The cops' incident report actually tells you everything you need to know. Not on the basis of any particularly valuable or trustworthy information in the report itself, no. But based solely on how the cops decided to write their report and stage the entire operation. The title of the press release is "First friend, then foe - from lifesaver to whipping boy" and sums up the framing of the police well. At the beginning, they first write about a heroic fairy tale in which they claim to have saved the life of an unconscious man by a perfectly executed cardiac massage, before they then write about the actual incident at the bar. However, they just whine about having been whacked on the head by the people.

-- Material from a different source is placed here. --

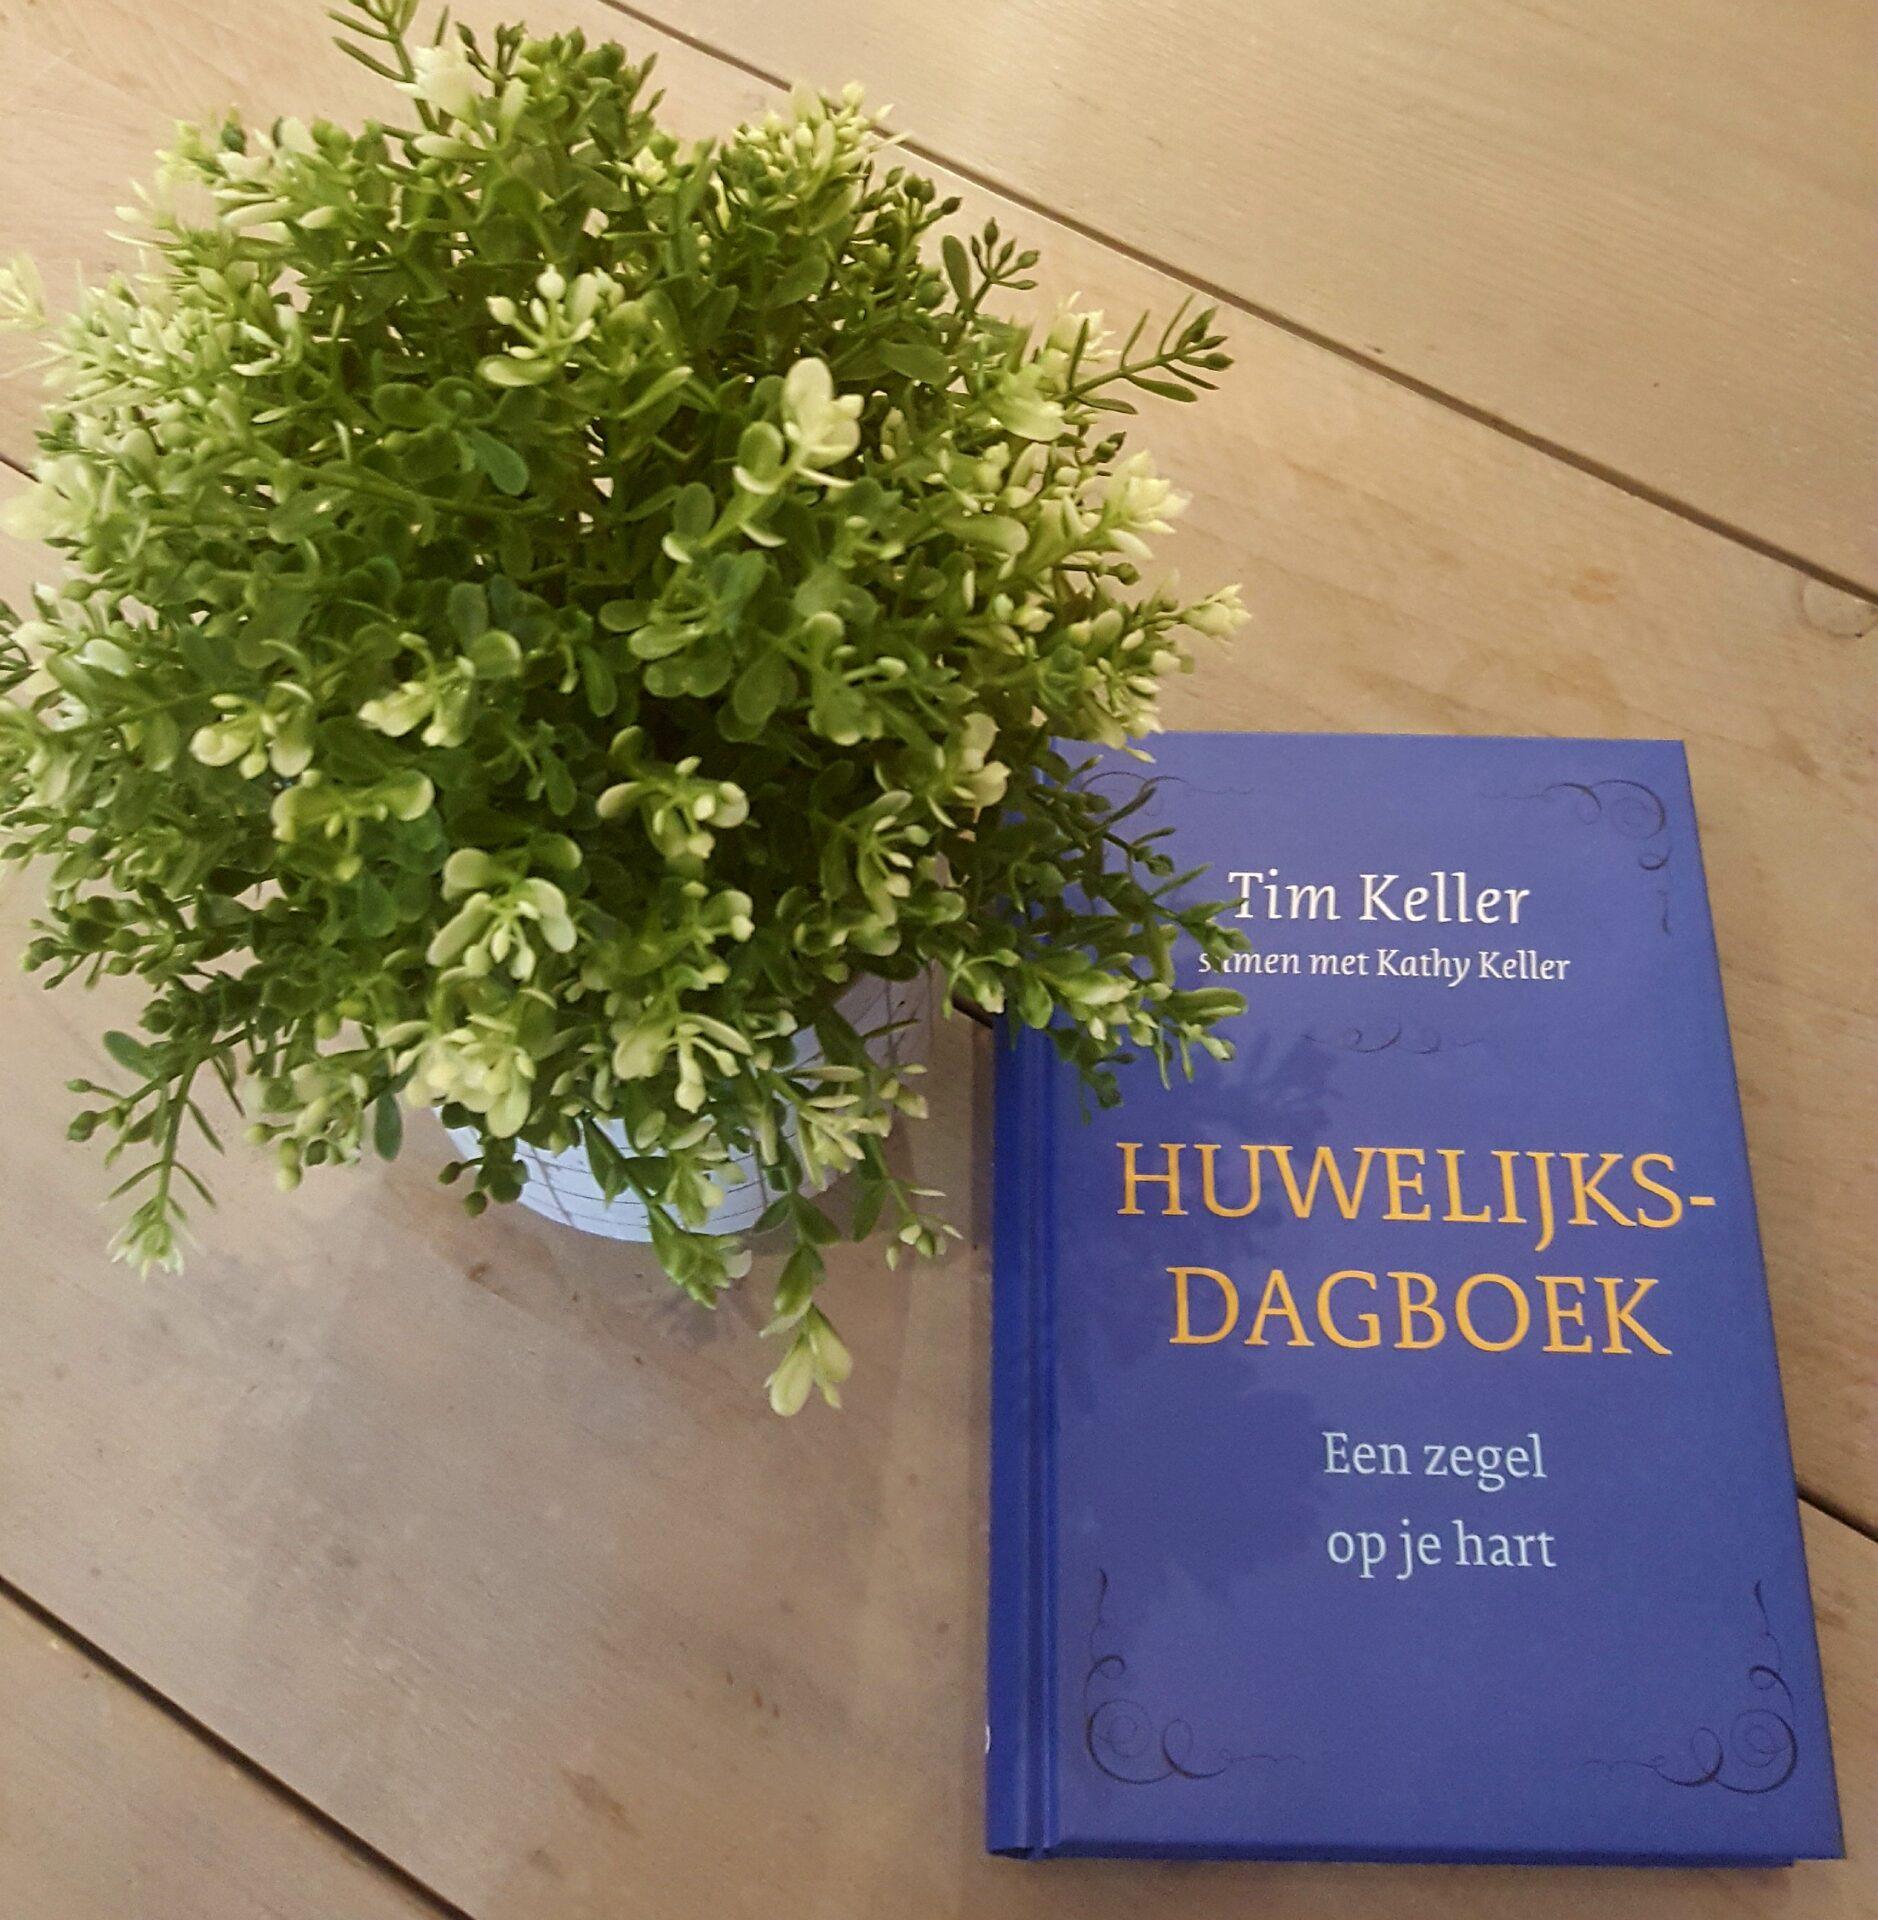 Huwelijksdagboek, Een zegel op je hart – Tim & Kathy Keller

The actual credibility of their introductory rescuer story is to be questioned alone based on the fact that one is much more accustomed to the police sending away emergency doctors and rescue workers at the first opportunity, or not letting them treat people until it is already too late. But whether or not that's how the story really took place is not the bottom line here. Apparently, the cops feel compelled to first present themselves as great life-savers and try to score points with their great commitment before they report on the operation that is actually the topic, in order to desperately polish up their image and distract from the fact that it is just another case of usual harassment against the people by the police.
In contrast to how the cops stage themselves, the police in Essen actually acts like an occupatio force. This has not only been shown after the aforementioned incident in the summer, but also their operation now at the "Pan-African Survivor" is an expression of exactly that. They write in their report about the use of the "operation multi-purpose stick" and "irritants" - in other words nightsticks and pepper spray - when they write about their own use of violence. At the same time, however, they refer to themselves as the "whipping boys" who have experienced unjust violence against themselves. What kind of "whipping boys" are they when they can hardly keep their hands off the baton themselves?
If the masses are resisting the continuous harassment that the cops are perpetrating against them, then that is completely justified. No cheap sob story by the cops will change that. They can't just take whatever liberty they want forever when they're out in our neighborhoods without also having to expect a little headwind sometimes.